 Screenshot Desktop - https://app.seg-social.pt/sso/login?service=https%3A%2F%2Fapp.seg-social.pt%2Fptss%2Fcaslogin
○ ○ ○
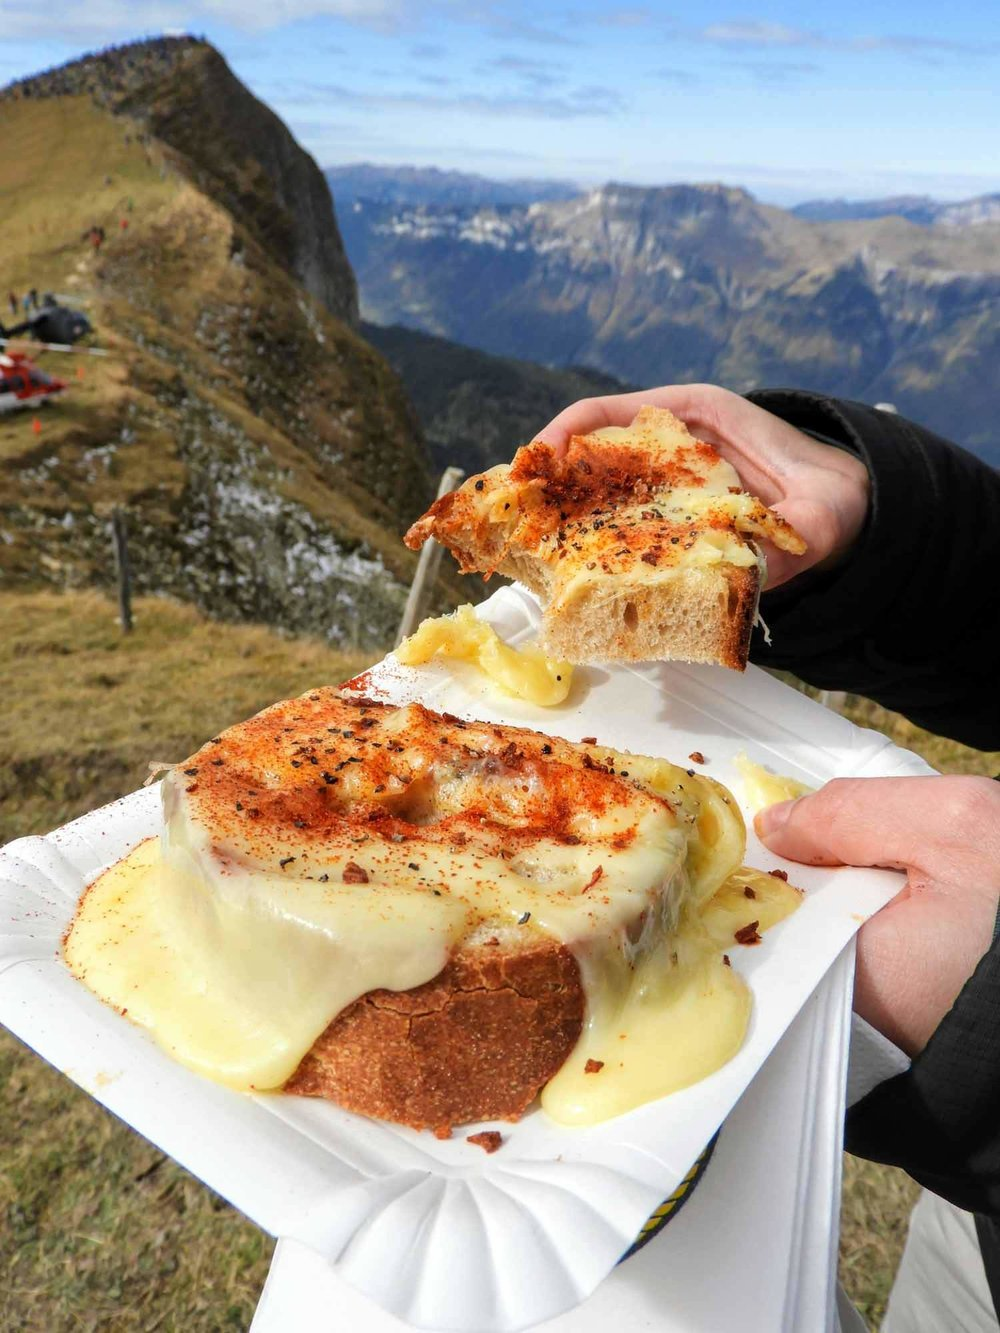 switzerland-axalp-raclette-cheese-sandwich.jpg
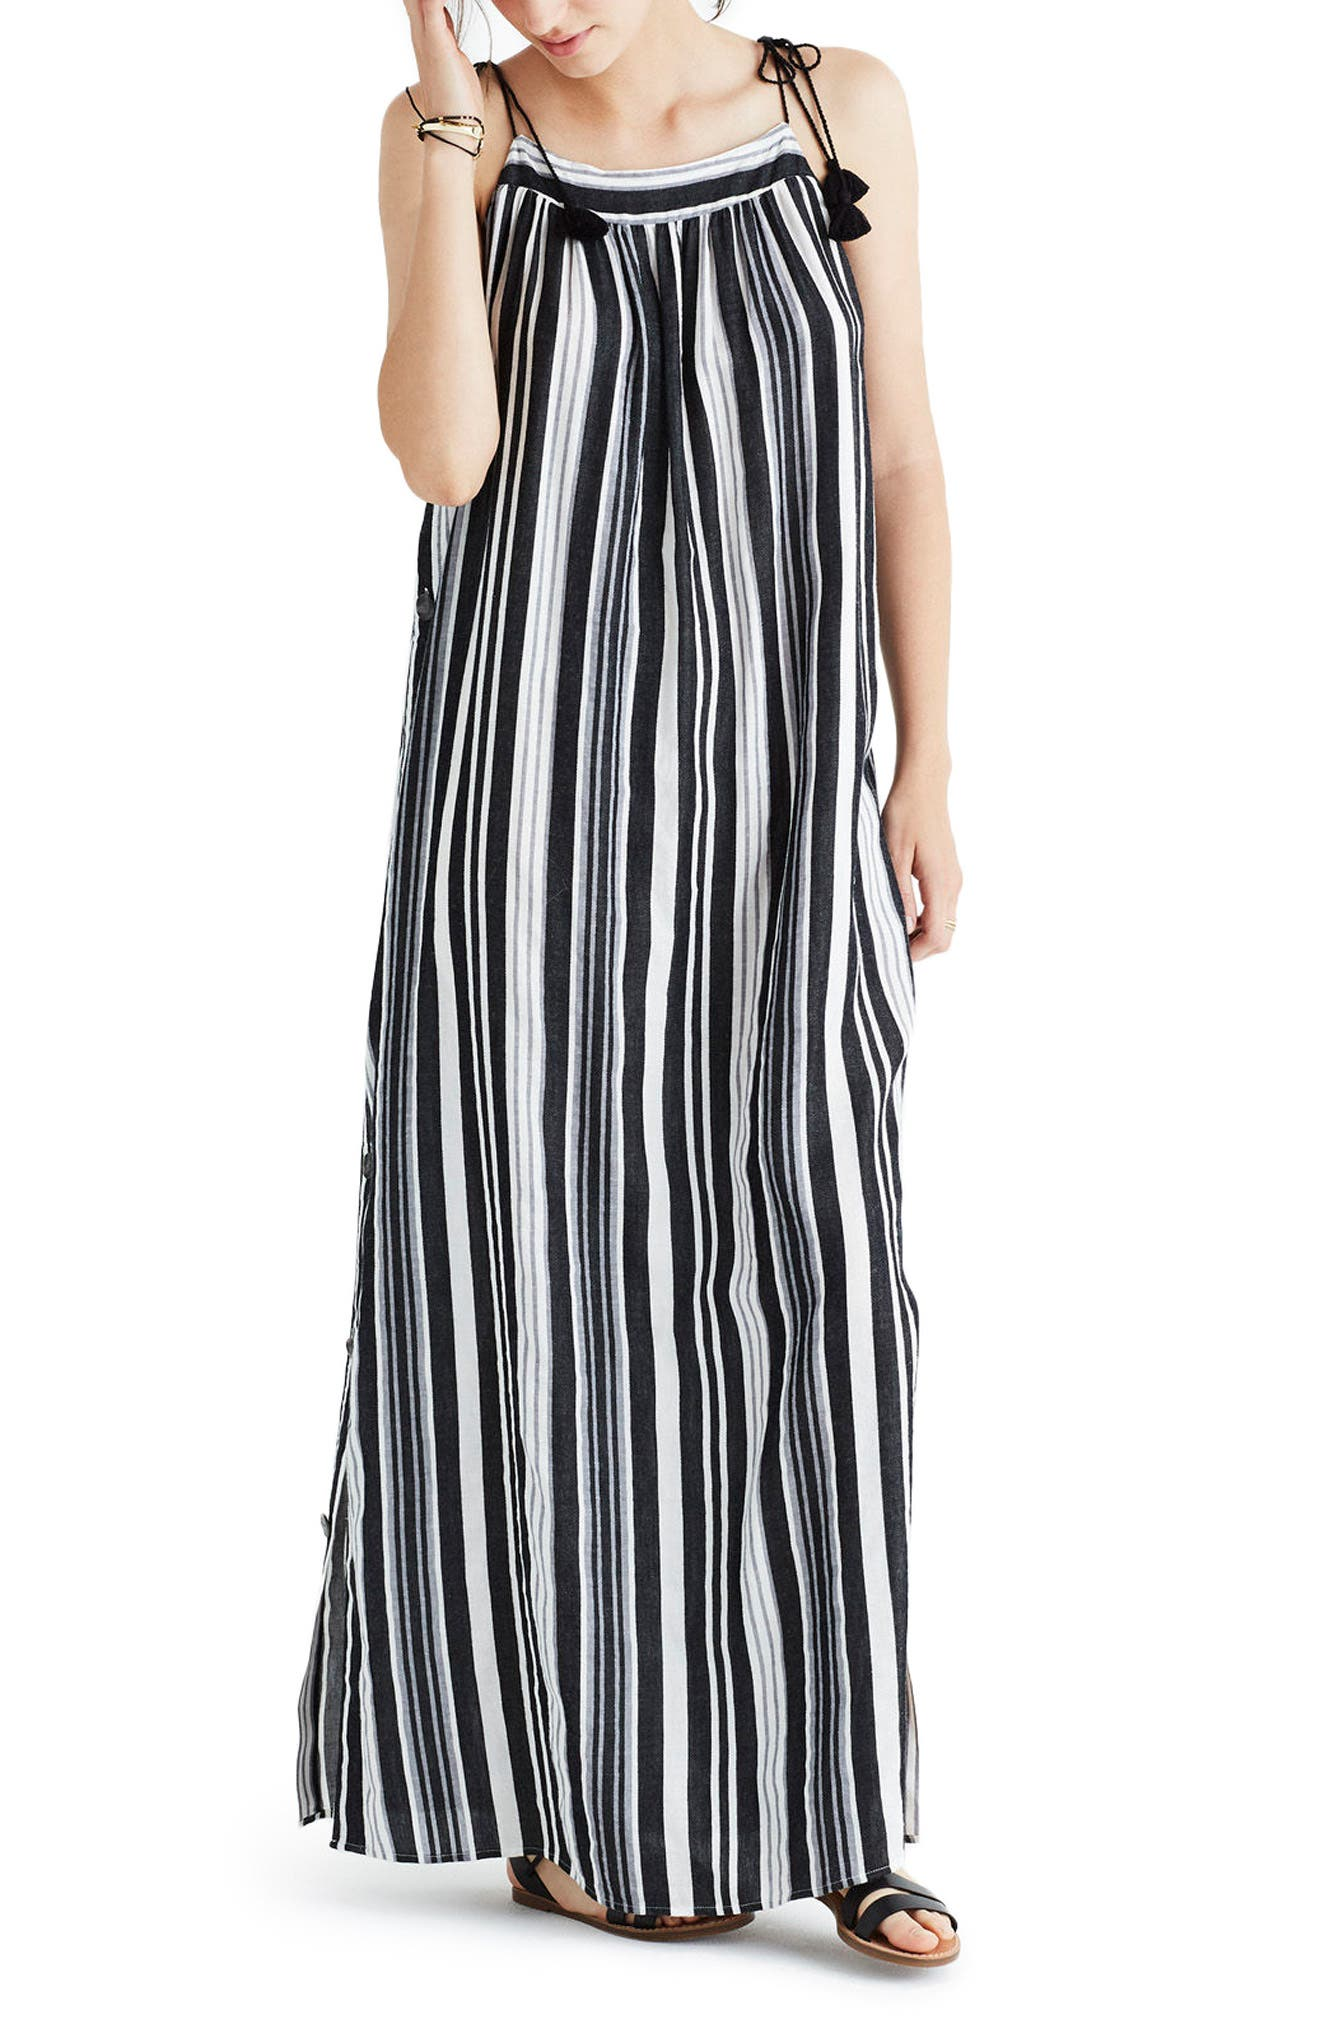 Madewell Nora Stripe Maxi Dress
○ ○ ○
### ABOUT THIS TASK
Extract the part of the records that opens with the line containing "switzerland-axalp-raclette-cheese-sandwich.jpg" and closes with the line containing "Madewell Nora Stripe Maxi Dress". Take only those lines, exactly, and no pictures.

### ANSWER SPACE
 switzerland-axalp-raclette-cheese-sandwich.jpg
 Madewell Nora Stripe Maxi Dress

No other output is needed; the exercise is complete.